[PROVIDED MATERIAL — start]

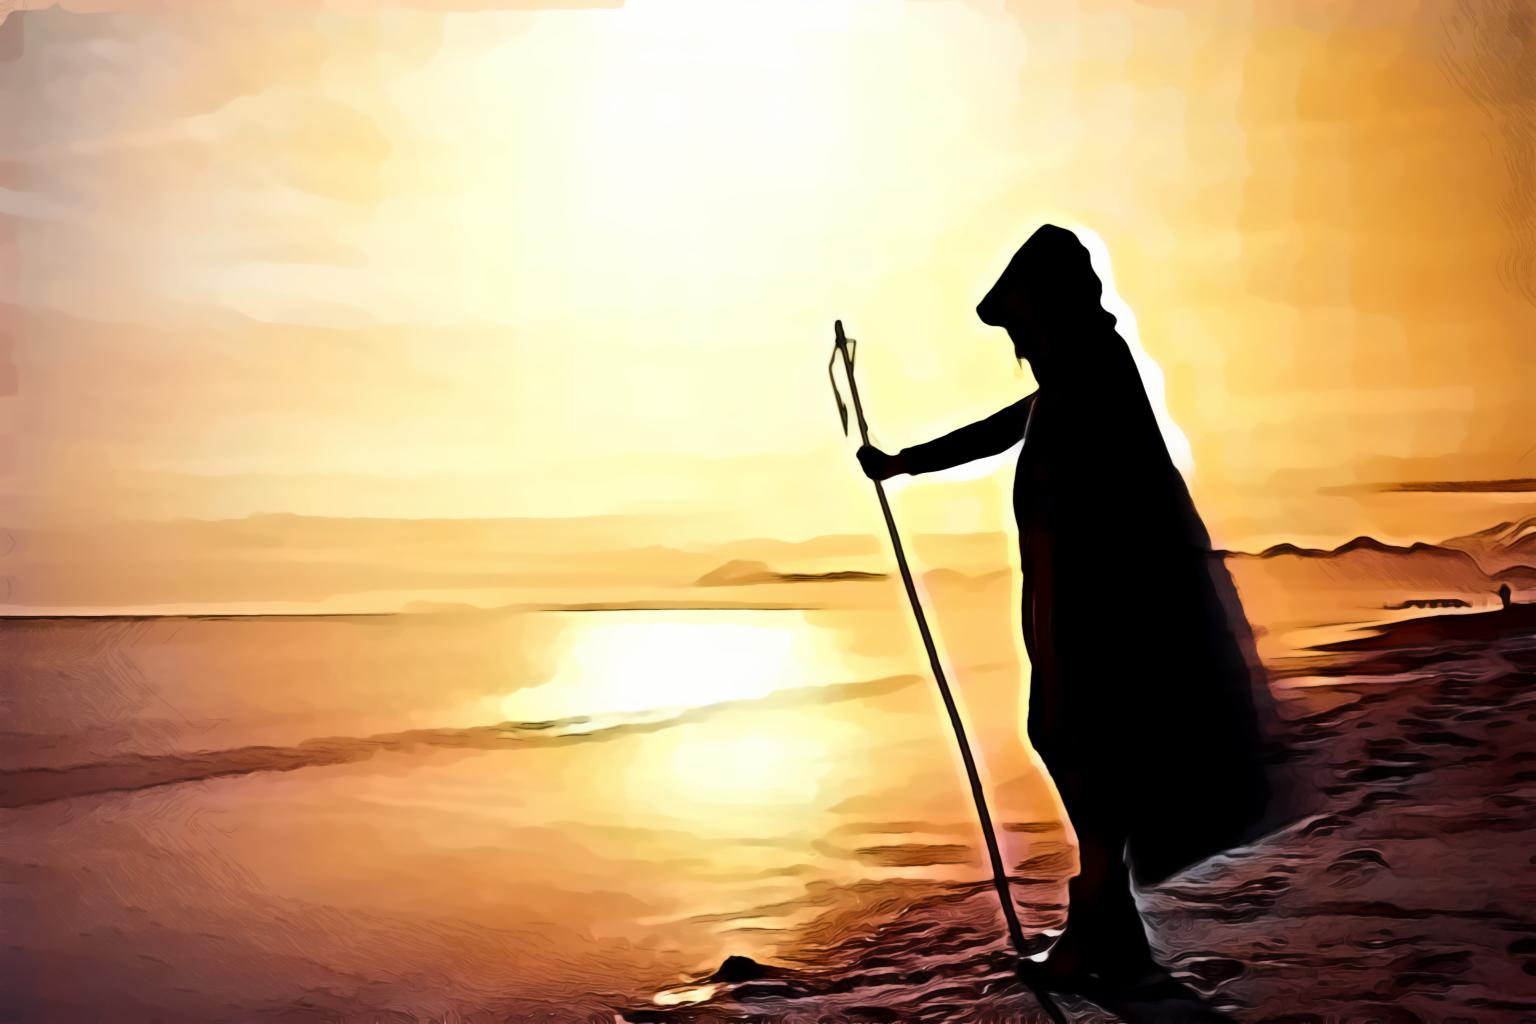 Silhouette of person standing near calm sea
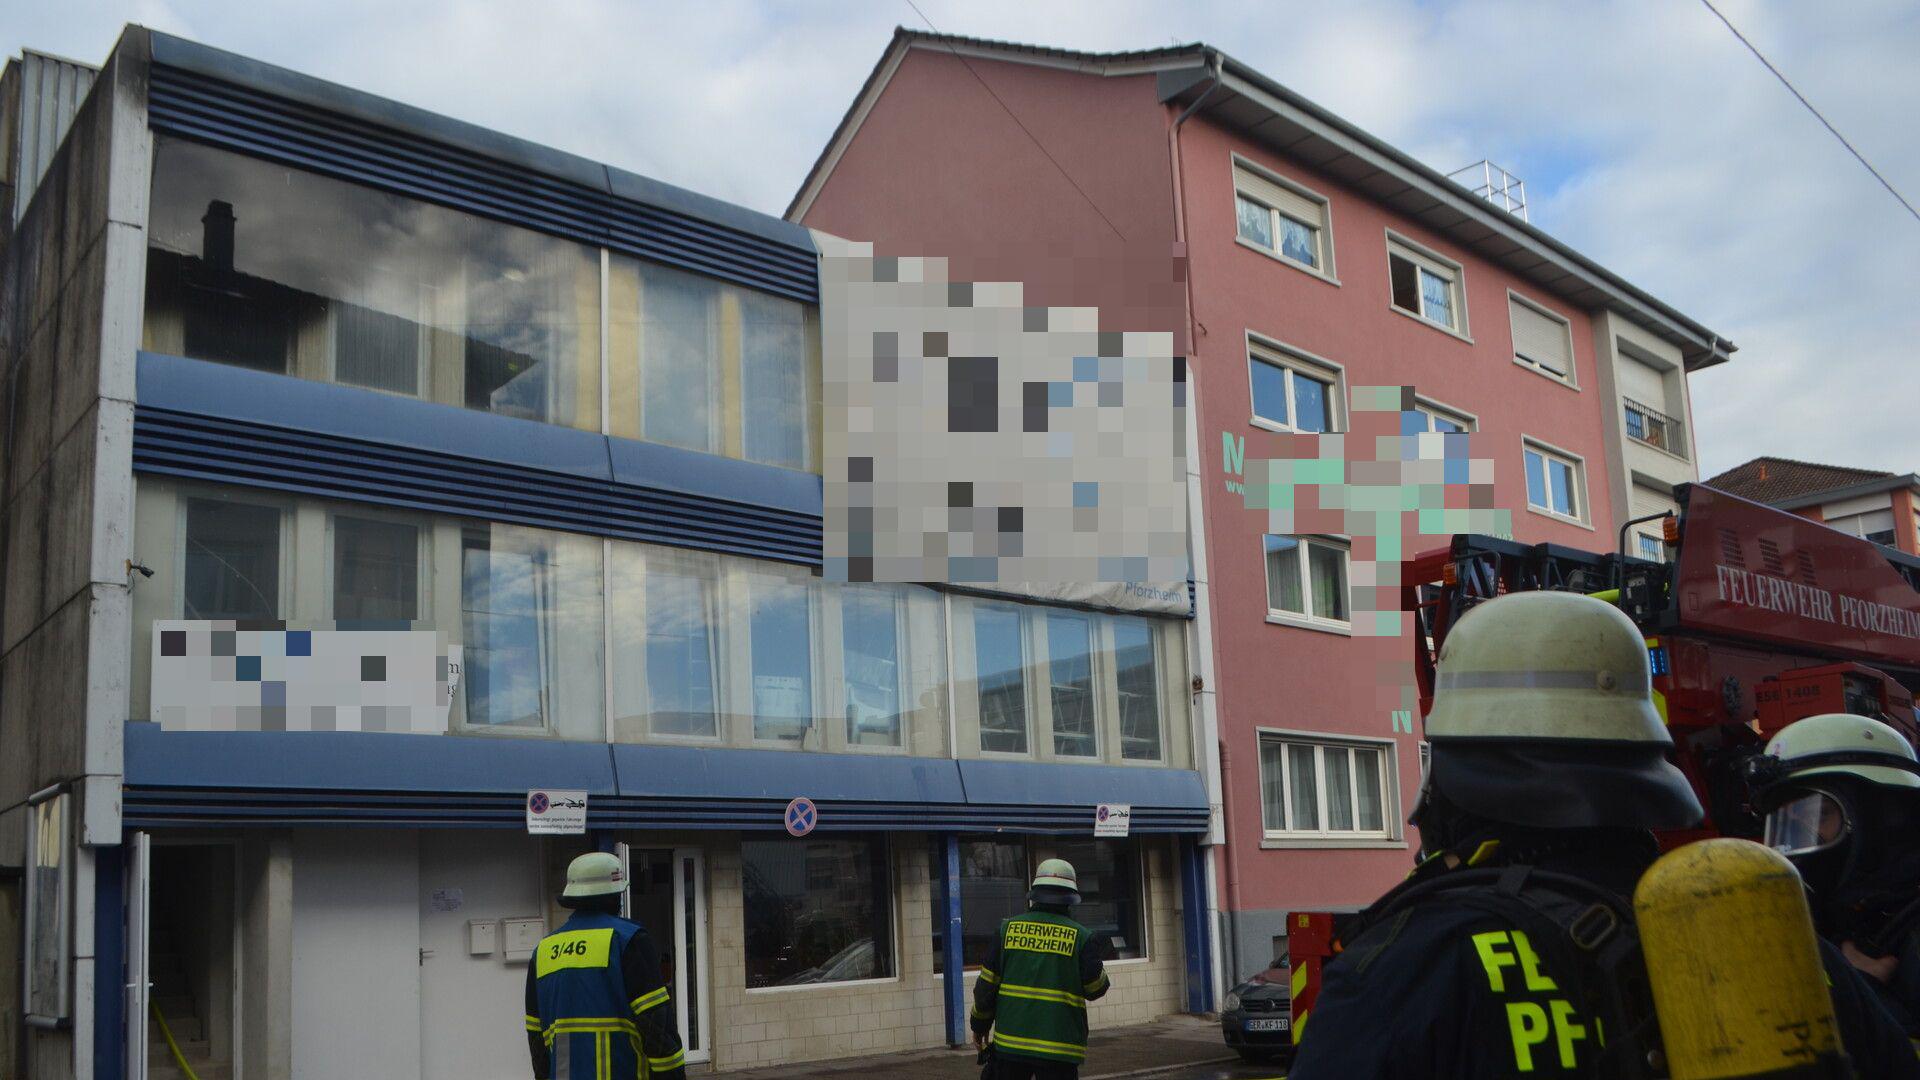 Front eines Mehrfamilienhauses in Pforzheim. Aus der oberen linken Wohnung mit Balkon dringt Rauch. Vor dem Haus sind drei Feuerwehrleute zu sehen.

[PROVIDED MATERIAL — finish]
[PROVIDED MATERIAL — start]

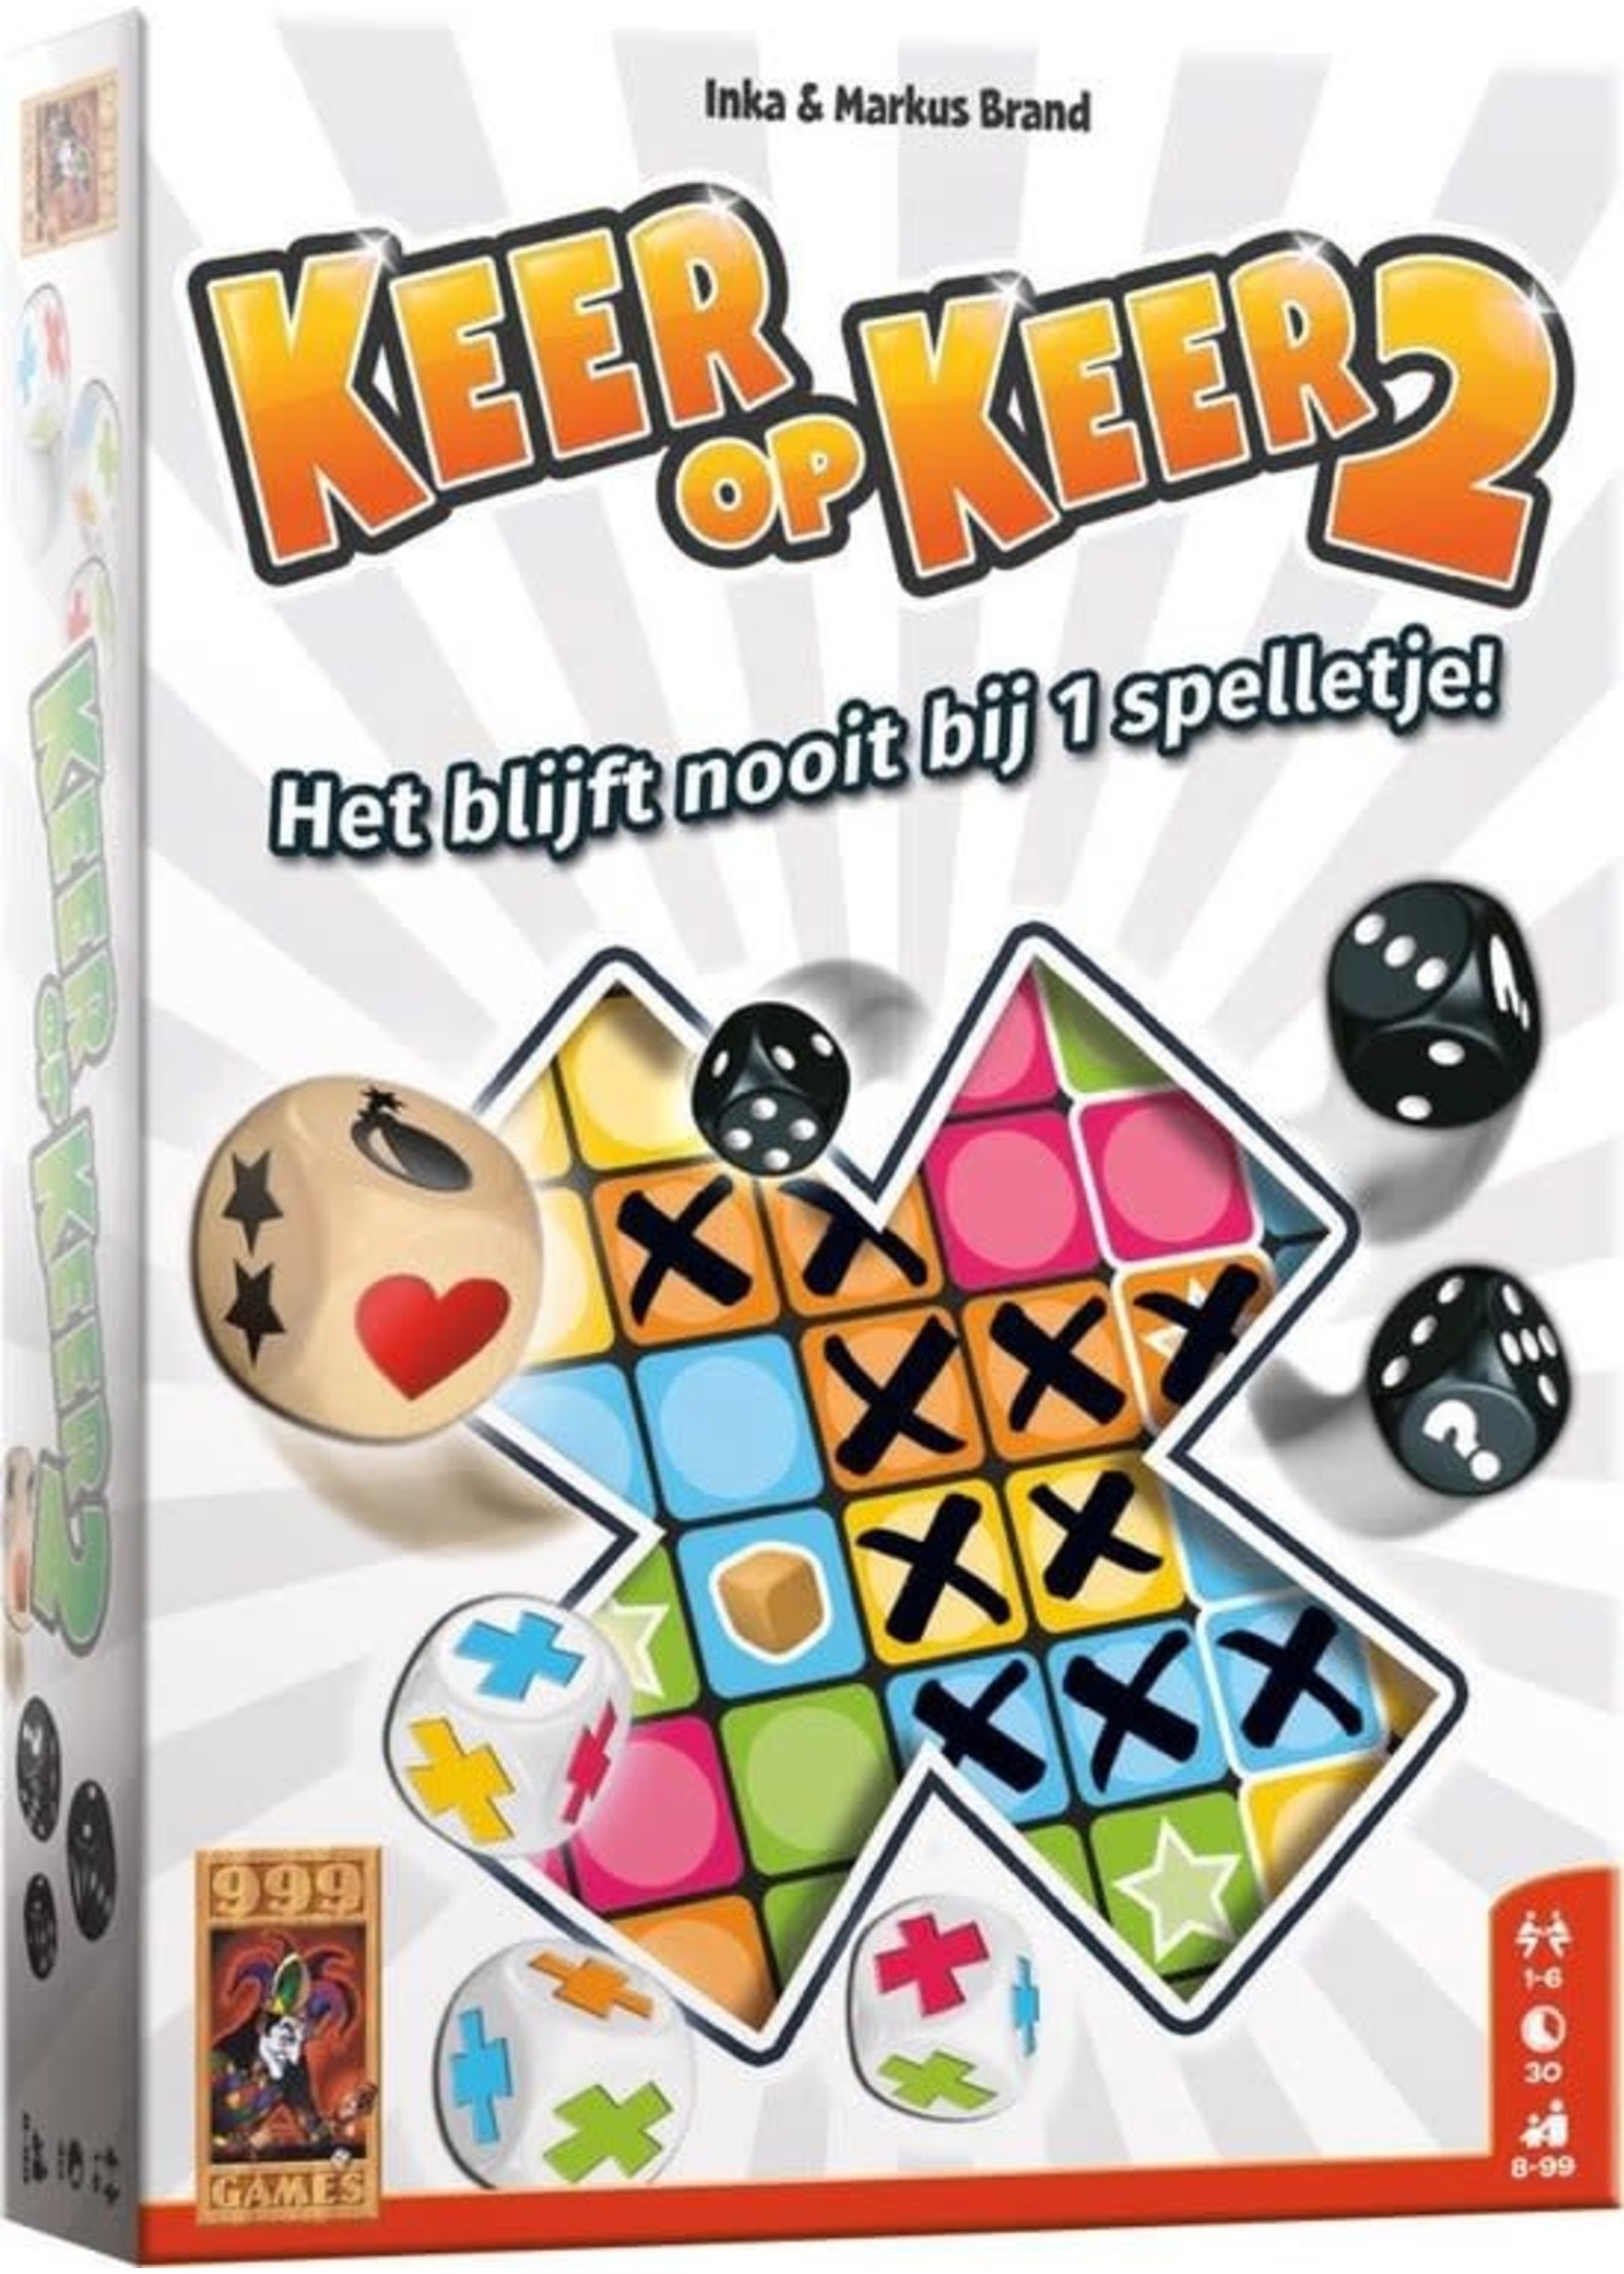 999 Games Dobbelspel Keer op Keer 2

[PROVIDED MATERIAL — finish]

■ **WORK TO COMPLETE**
In the listing above, find the line containing "Silhouette of person standing near calm sea" and the line containing "Front eines Mehrfamilienhauses", then print exactly those two lines and every line between them, minus the pictures.

■ **YOUR RESPONSE**
 Silhouette of person standing near calm sea
 Front eines Mehrfamilienhauses in Pforzheim. Aus der oberen linken Wohnung mit Balkon dringt Rauch. Vor dem Haus sind drei Feuerwehrleute zu sehen.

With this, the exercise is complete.